▶ _Data section_:
•••••

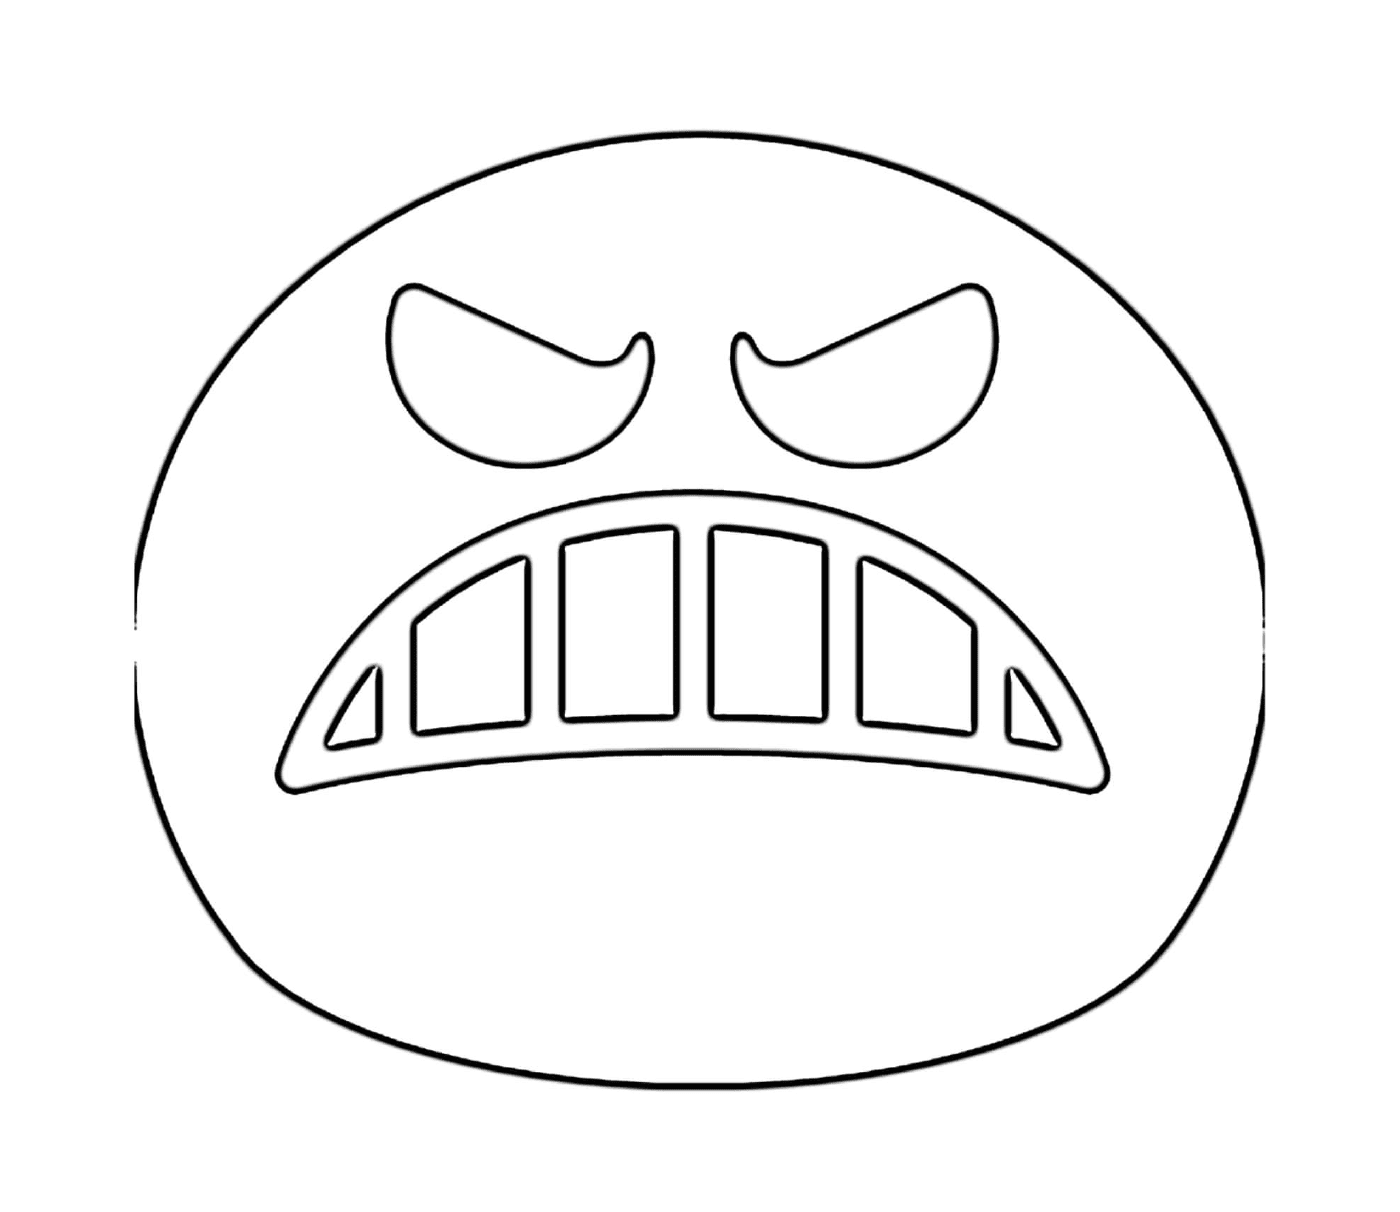  Ein wütendes Gesicht wird gezeichnet 
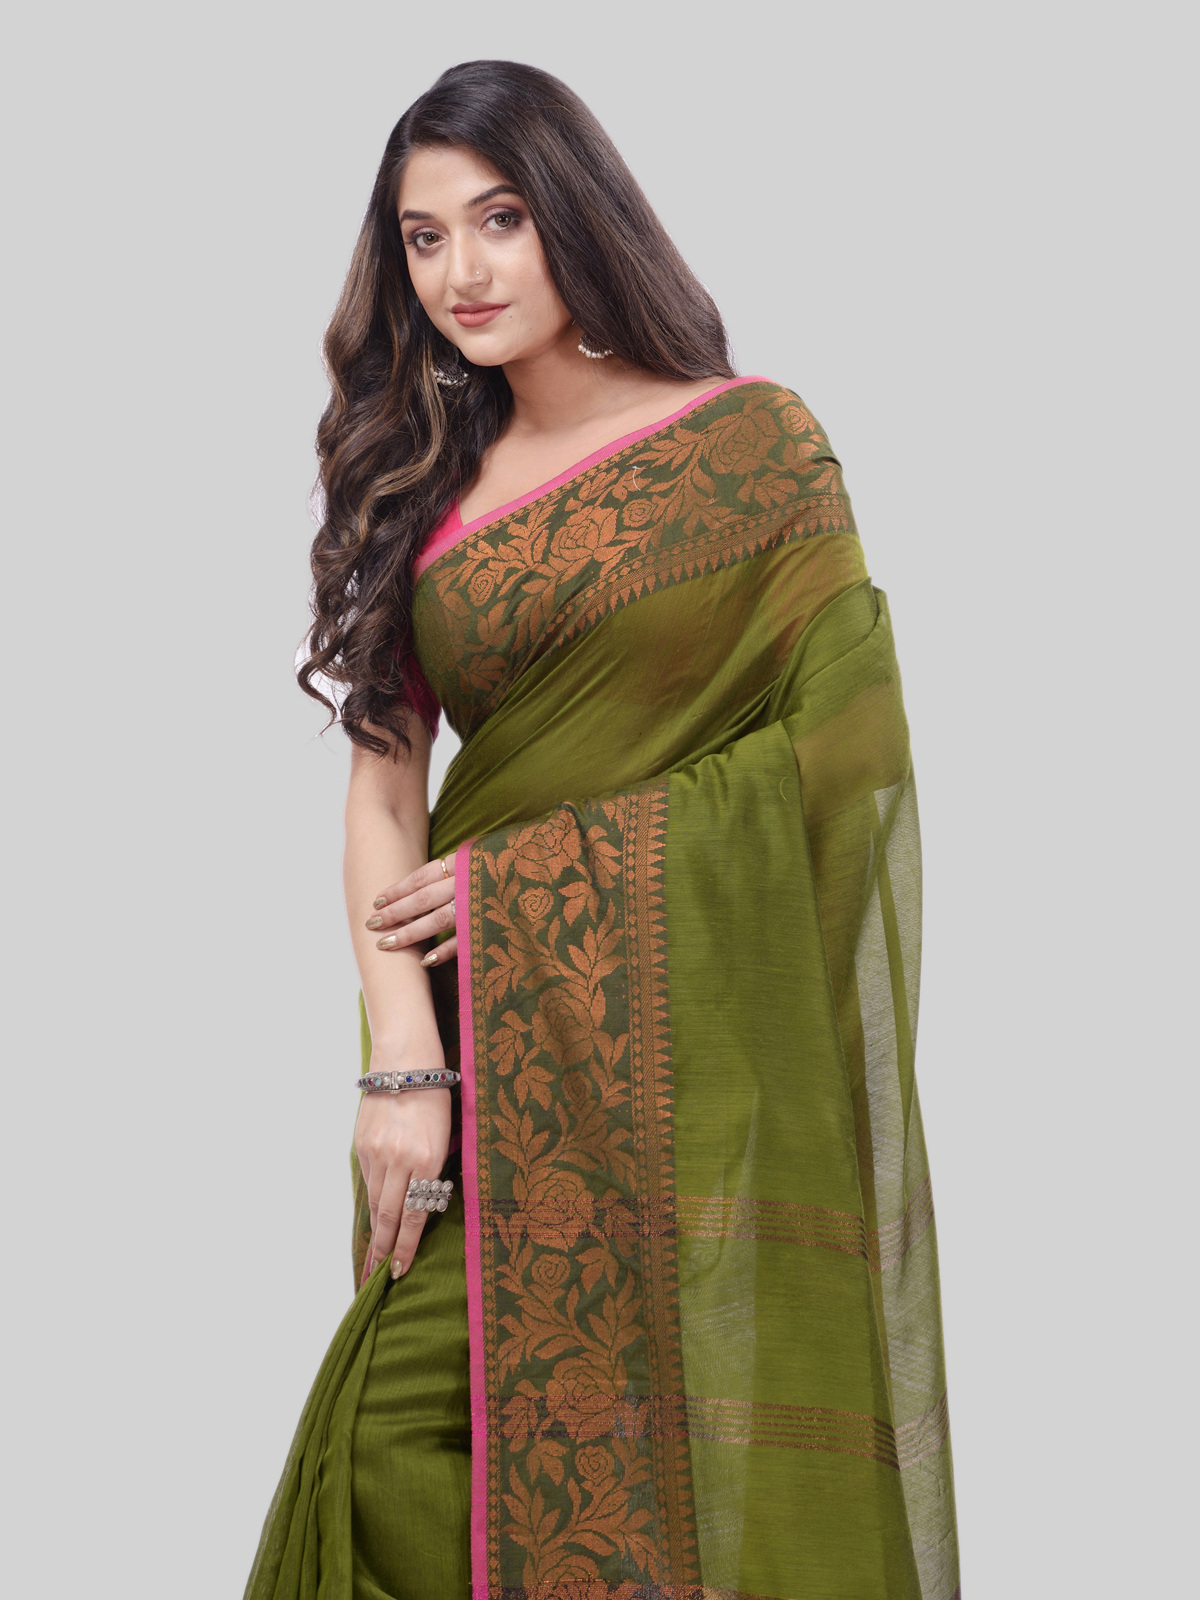 DESH BIDESH Women`s Cotton Handloom Cotton Silk Saree Gulab Work With Blouse Piece(Dark Green)
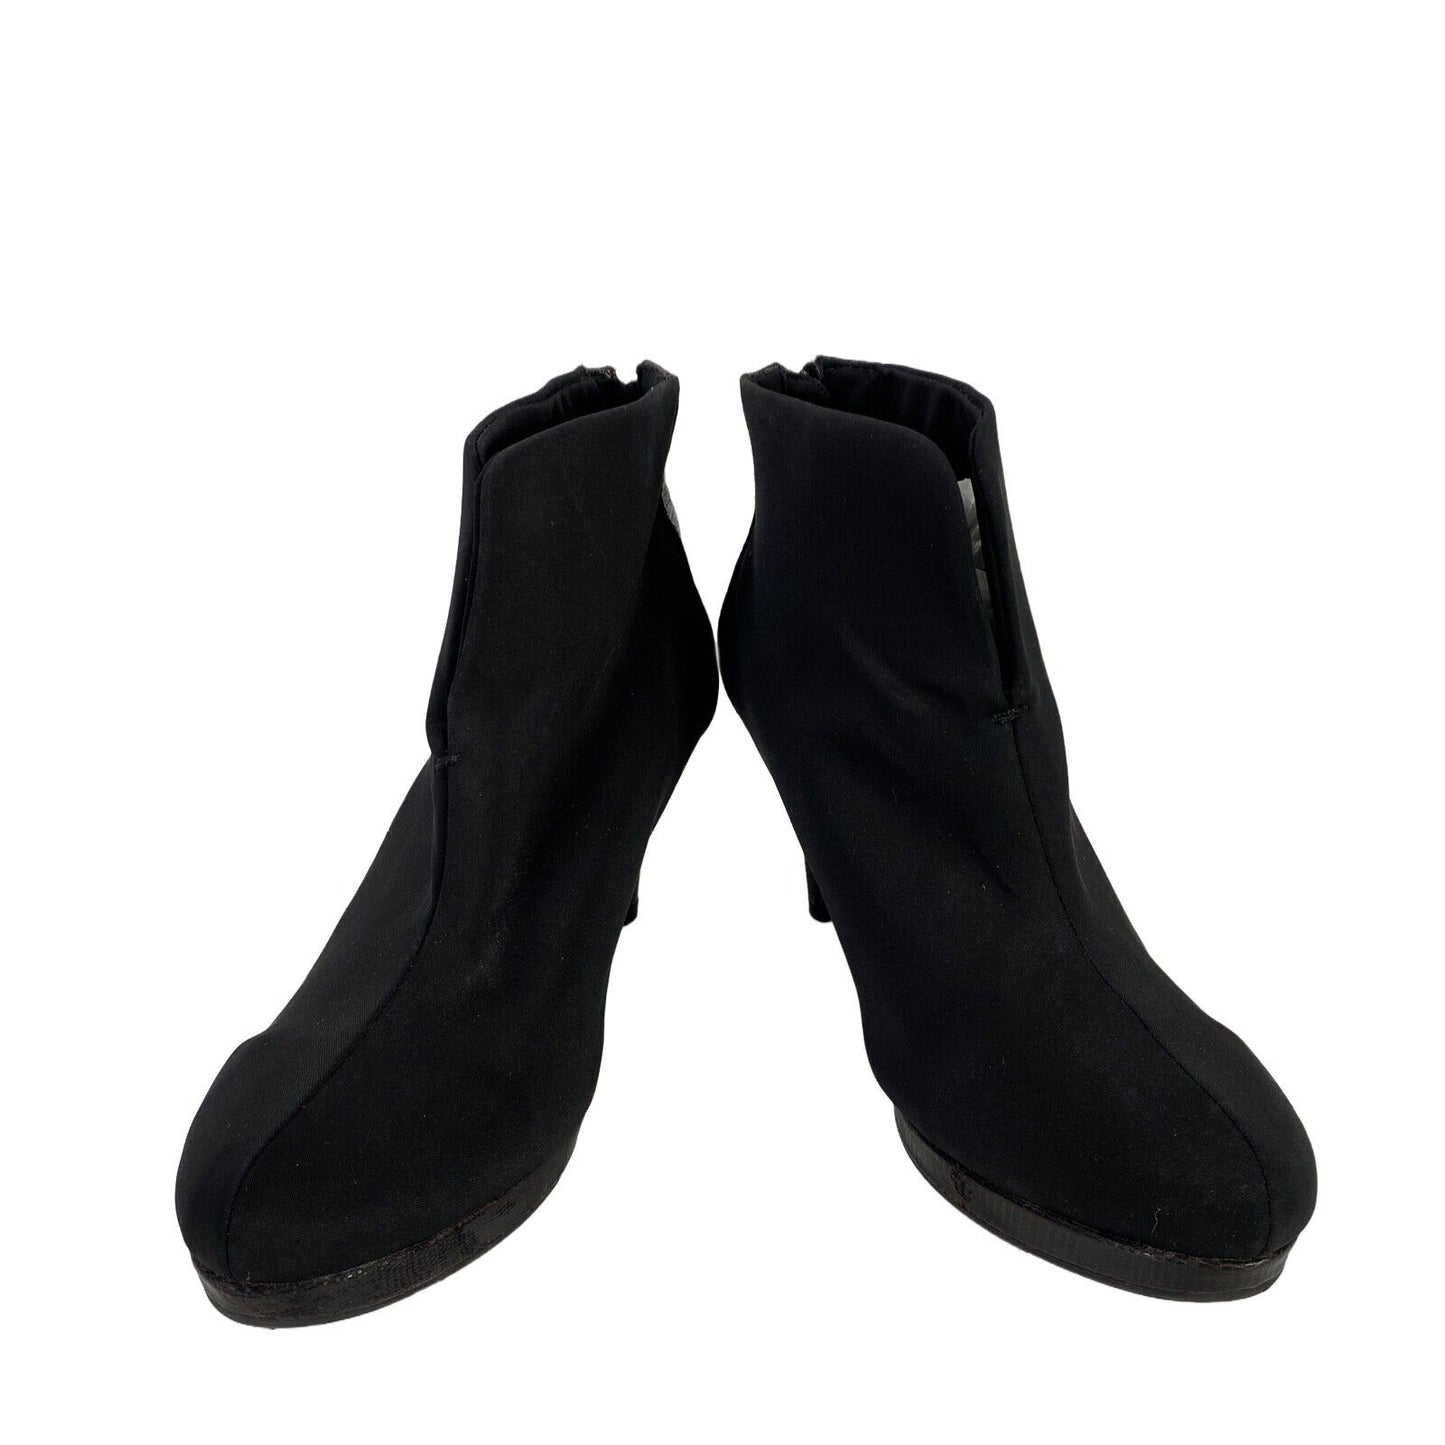 Bandolino - Tacones tipo botín con cremallera trasera de tela negra para mujer - 9,5 M

•••••

▶ _Task brief_: Each line of the listing above should be retyped exactly, with no pictures.

▶ _Answer box_:
  Ein wütendes Gesicht wird gezeichnet 
 DESH BIDESH Women`s Cotton Handloom Cotton Silk Saree Gulab Work With Blouse Piece(Dark Green)
 Bandolino - Tacones tipo botín con cremallera trasera de tela negra para mujer - 9,5 M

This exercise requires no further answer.